# Dataset section

--- START ---

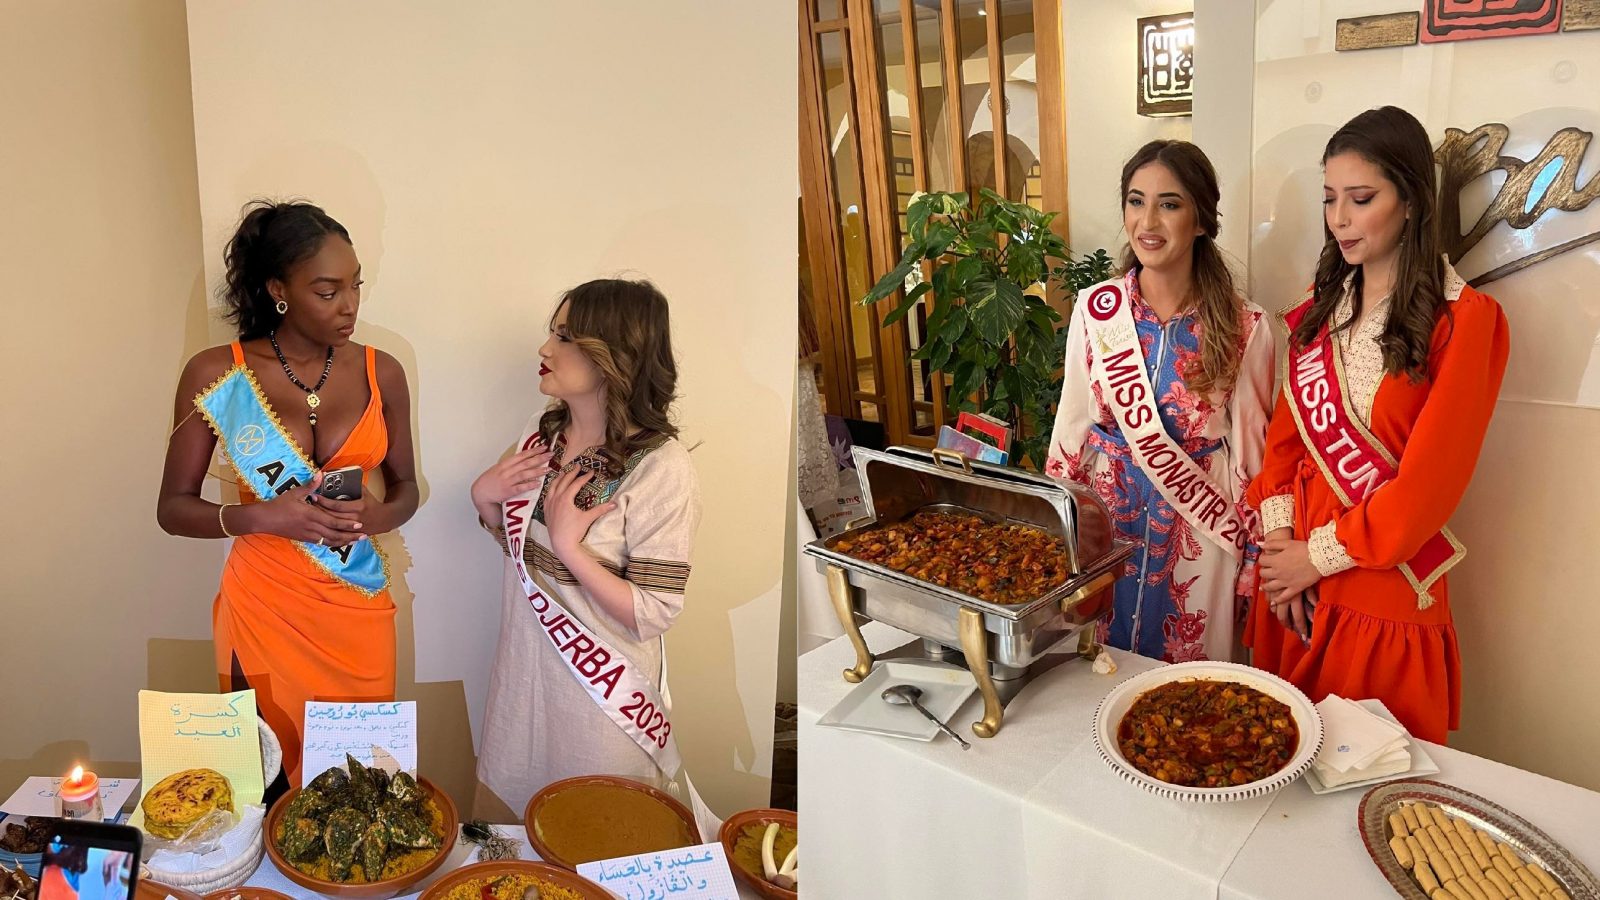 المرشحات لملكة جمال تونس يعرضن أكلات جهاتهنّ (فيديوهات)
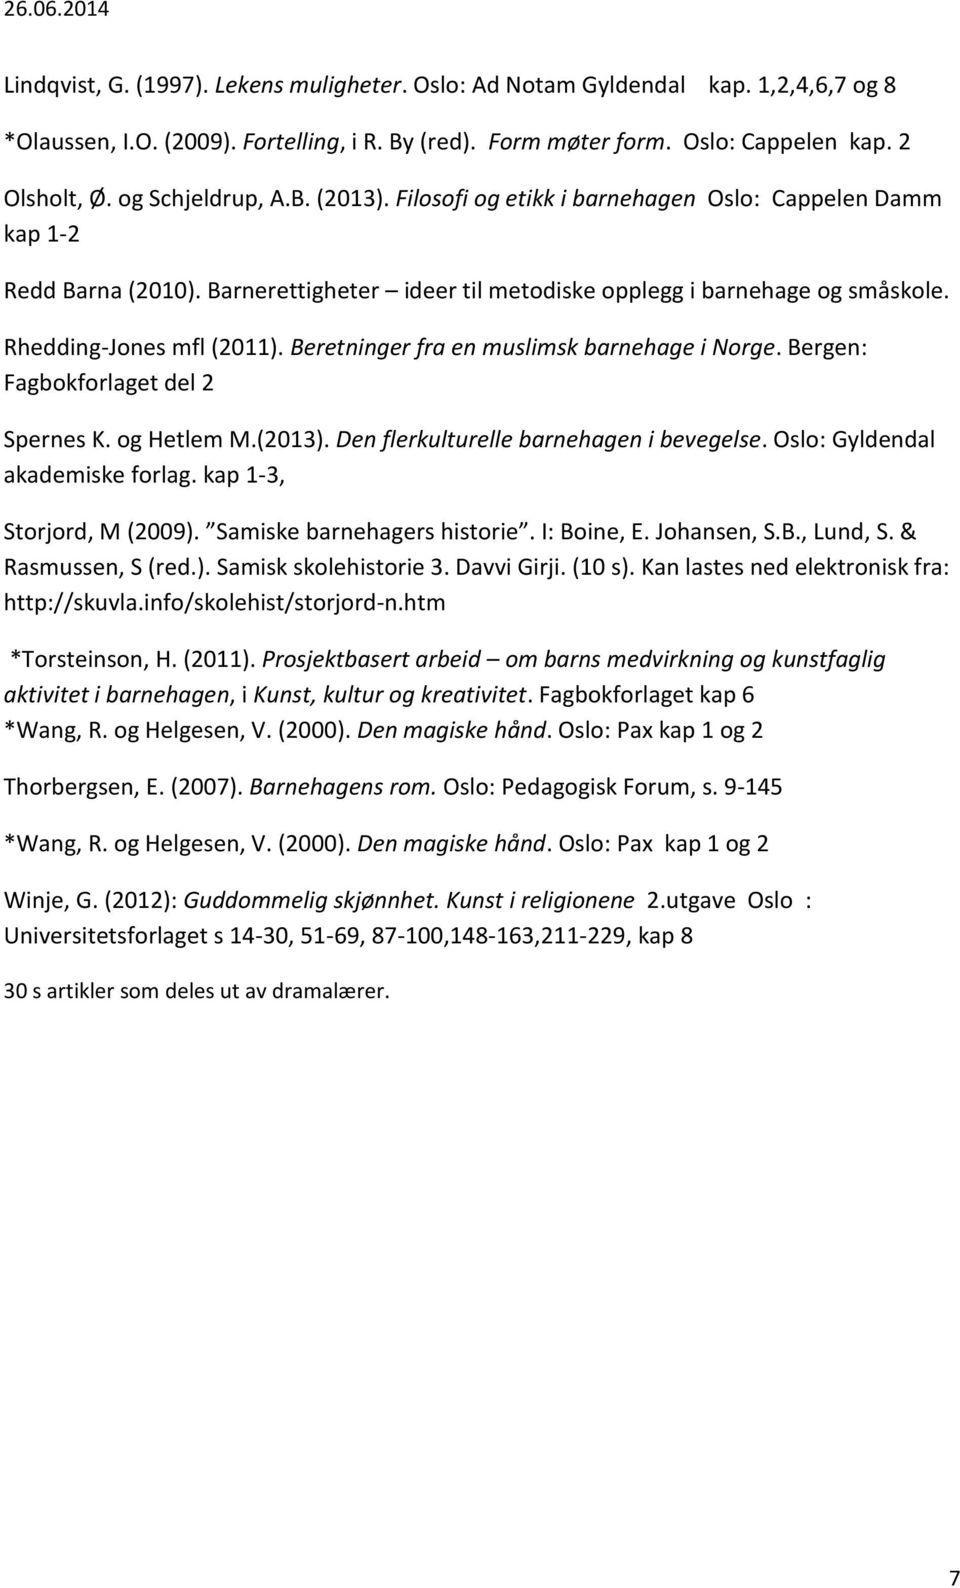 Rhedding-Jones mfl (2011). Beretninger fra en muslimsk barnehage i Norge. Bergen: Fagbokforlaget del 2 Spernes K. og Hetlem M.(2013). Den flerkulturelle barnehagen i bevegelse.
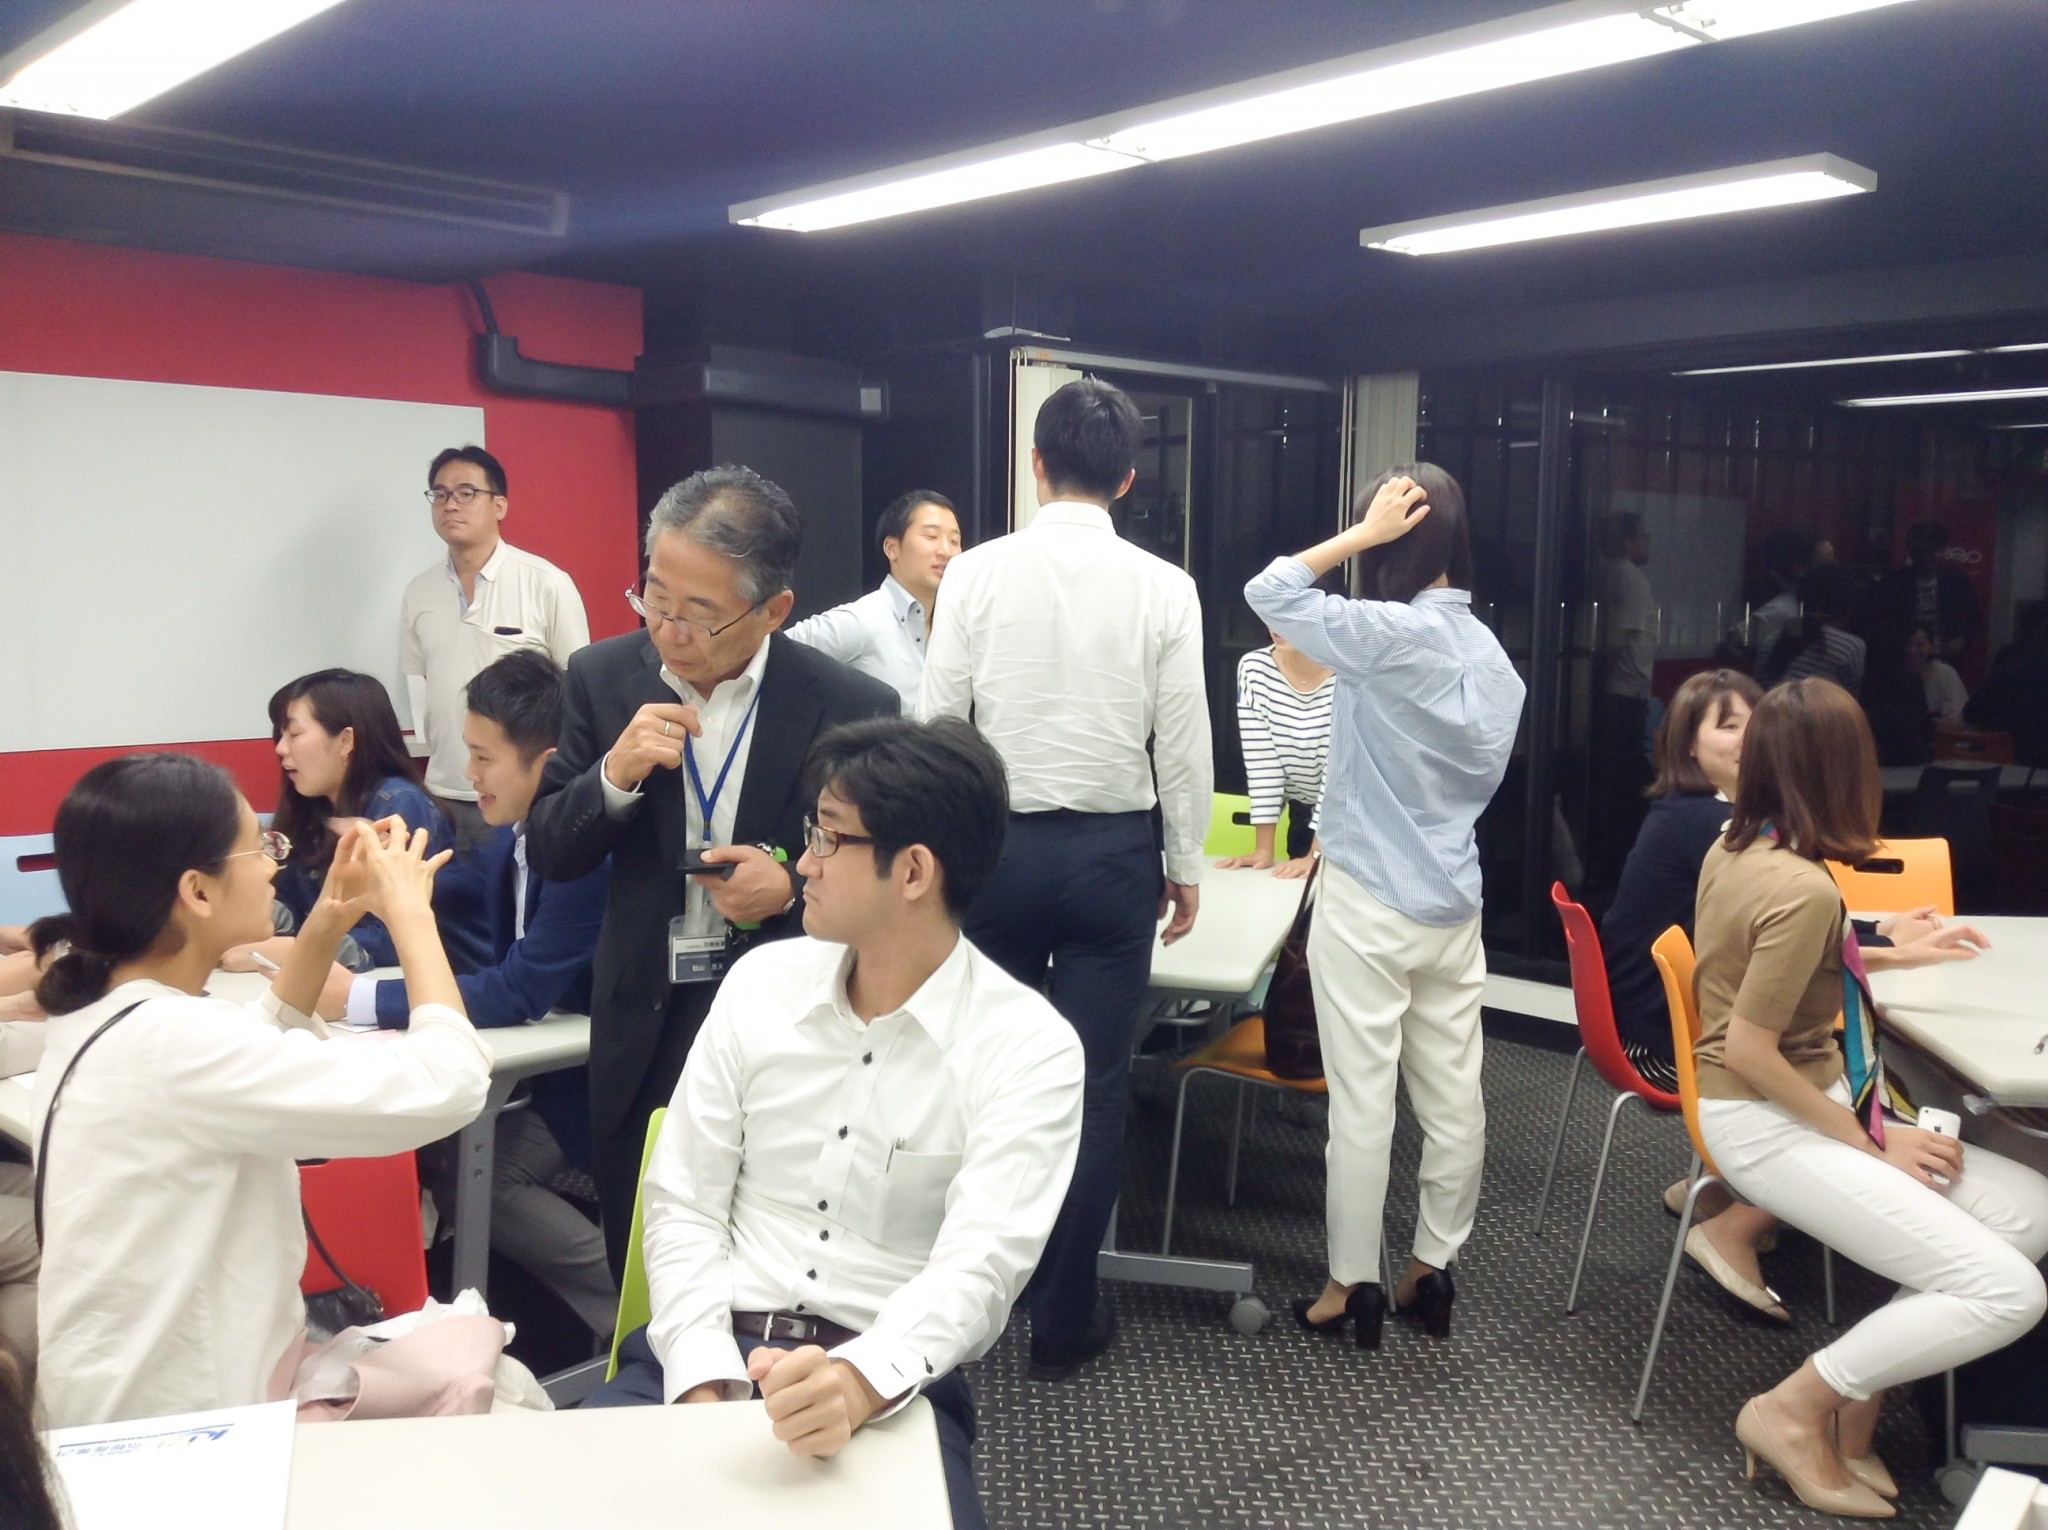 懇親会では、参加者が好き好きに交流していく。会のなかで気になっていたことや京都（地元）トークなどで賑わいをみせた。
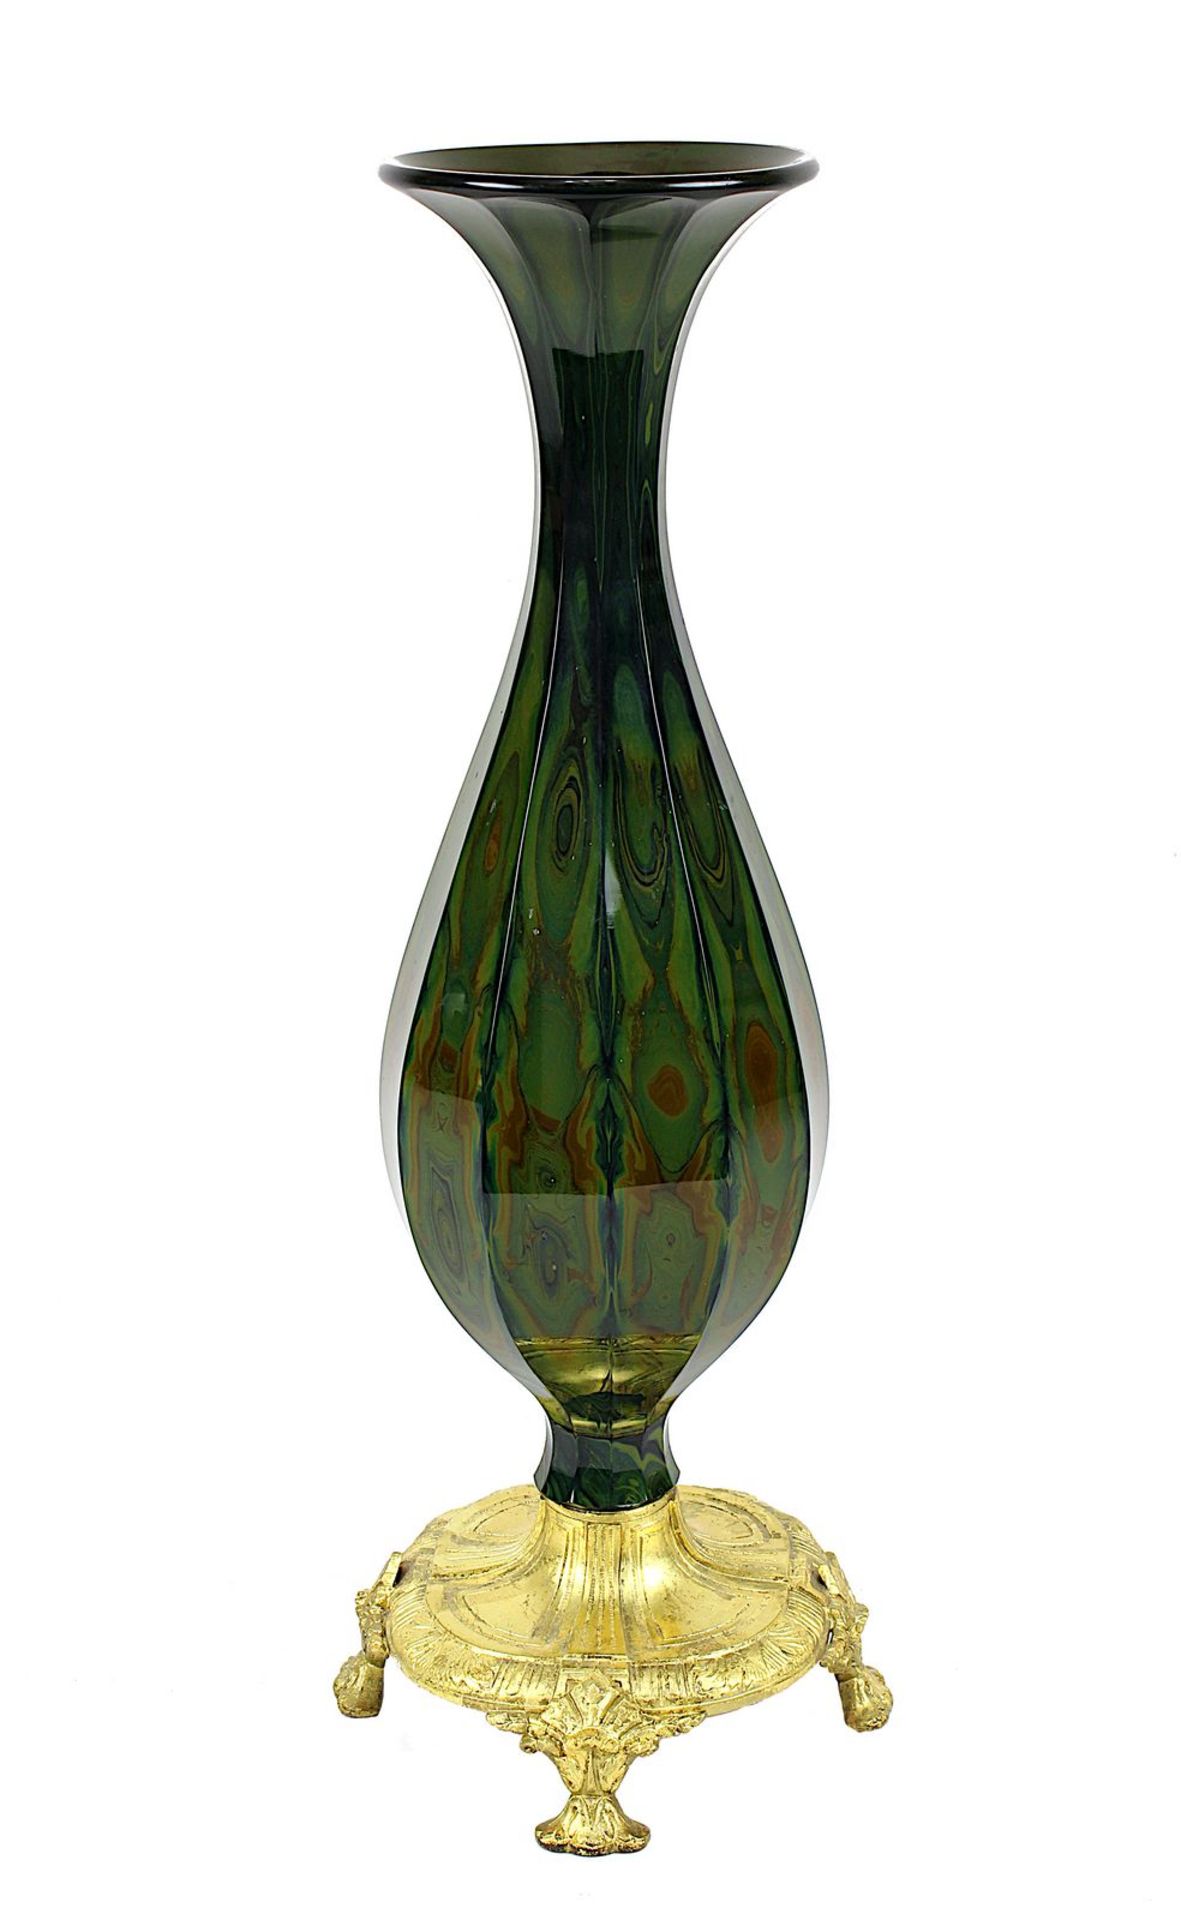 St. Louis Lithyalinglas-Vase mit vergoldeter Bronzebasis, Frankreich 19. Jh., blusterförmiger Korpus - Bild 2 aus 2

--- END ---

# Goal of the exercise
A word-for-word copy of the listing is needed. It must not include the pictures.

# Output
 المرشحات لملكة جمال تونس يعرضن أكلات جهاتهنّ (فيديوهات)
 Rhedding-Jones mfl (2011). Beretninger fra en muslimsk barnehage i Norge. Bergen: Fagbokforlaget del 2 Spernes K. og Hetlem M.(2013). Den flerkulturelle barnehagen i bevegelse.
 懇親会では、参加者が好き好きに交流していく。会のなかで気になっていたことや京都（地元）トークなどで賑わいをみせた。
 St. Louis Lithyalinglas-Vase mit vergoldeter Bronzebasis, Frankreich 19. Jh., blusterförmiger Korpus - Bild 2 aus 2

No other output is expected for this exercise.